Rex v. Cia. Pervana De Vapores, S. A.

660 F.2d 61, 1981 A.M.C. 2900
CourtCourt of Appeals for the Third Circuit
DecidedSeptember 17, 1981
DocketNos. 80-2335, 80-2336
StatusPublished
Cited by28 cases

This text of 660 F.2d 61 (Rex v. Cia. Pervana De Vapores, S. A.) is published on Counsel Stack Legal Research, covering Court of Appeals for the Third Circuit primary law. Counsel Stack provides free access to over 12 million legal documents including statutes, case law, regulations, and constitutions.

Bluebook
Rex v. Cia. Pervana De Vapores, S. A., 660 F.2d 61, 1981 A.M.C. 2900 (3d Cir. 1981).

Opinions

ALDISERT, Circuit Judge.

Before us is an interlocutory appeal certified under 28 U.S.C. § 1292(b) from a district court decision granting plaintiff-appellee’s motion for a jury trial. Rex v. Cia. Pervana De Vapores, S.A., 493 F.Supp. 459 (E.D.Pa.1980). The issues certified and accepted for our review are whether all actions brought under 28 U.S.C. § 1330(a), enacted as § 2(a) of the Foreign Sovereign Immunities Act of 1976, Pub.L.No.94-583, 90 Stat. 2891 [hereinafter referred to as FSIA], must be tried to the court without a jury, whether that act is the sole basis for federal subject matter jurisdiction in civil actions against agencies or instrumentalities of foreign sovereigns, and, if the answers to both of these questions are affirmative, whether the FSIA is consistent with the seventh amendment guarantee of civil jury trial. We resolve each of the questions in the affirmative, and therefore reverse.

I.

Because of the procedural status of the case, a detailed recitation of facts is unnecessary.

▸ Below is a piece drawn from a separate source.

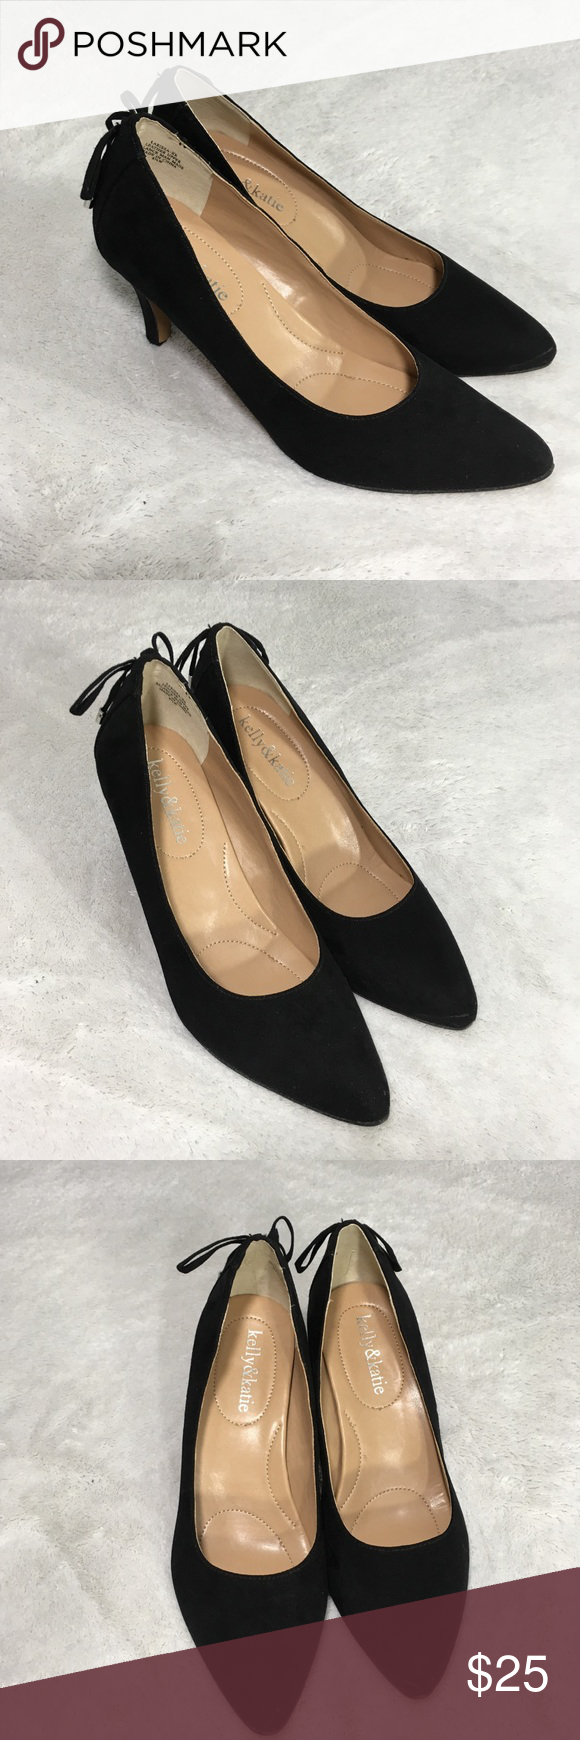 Elegant black heels size 6.5

Calvin Rex, the appellee, is a longshoreman who was injured while unloading cargo for the ship of the appellant, Compania Pervana De Vapores, S.A. The appellant is a Peruvian corporation, the stock of which is wholly owned by the Government of Peru. Appellee filed suit for damages under § 5(b) of the Longshoremen’s and Harbor Workers’ Compensation Act, 33 U.S.C. § 905(b), alleging federal subject matter jurisdiction by reason of diversity of citizenship, 28 U.S.C. § 1332, a federal question, 28 U.S.C. § 1331, and an action against a foreign sovereign, 28 U.S.C. § 1330(a). Included in his claim for relief was a request for a jury trial. The district court instructed the clerk to notify the Attorney General of the United States to allow his participation in the case.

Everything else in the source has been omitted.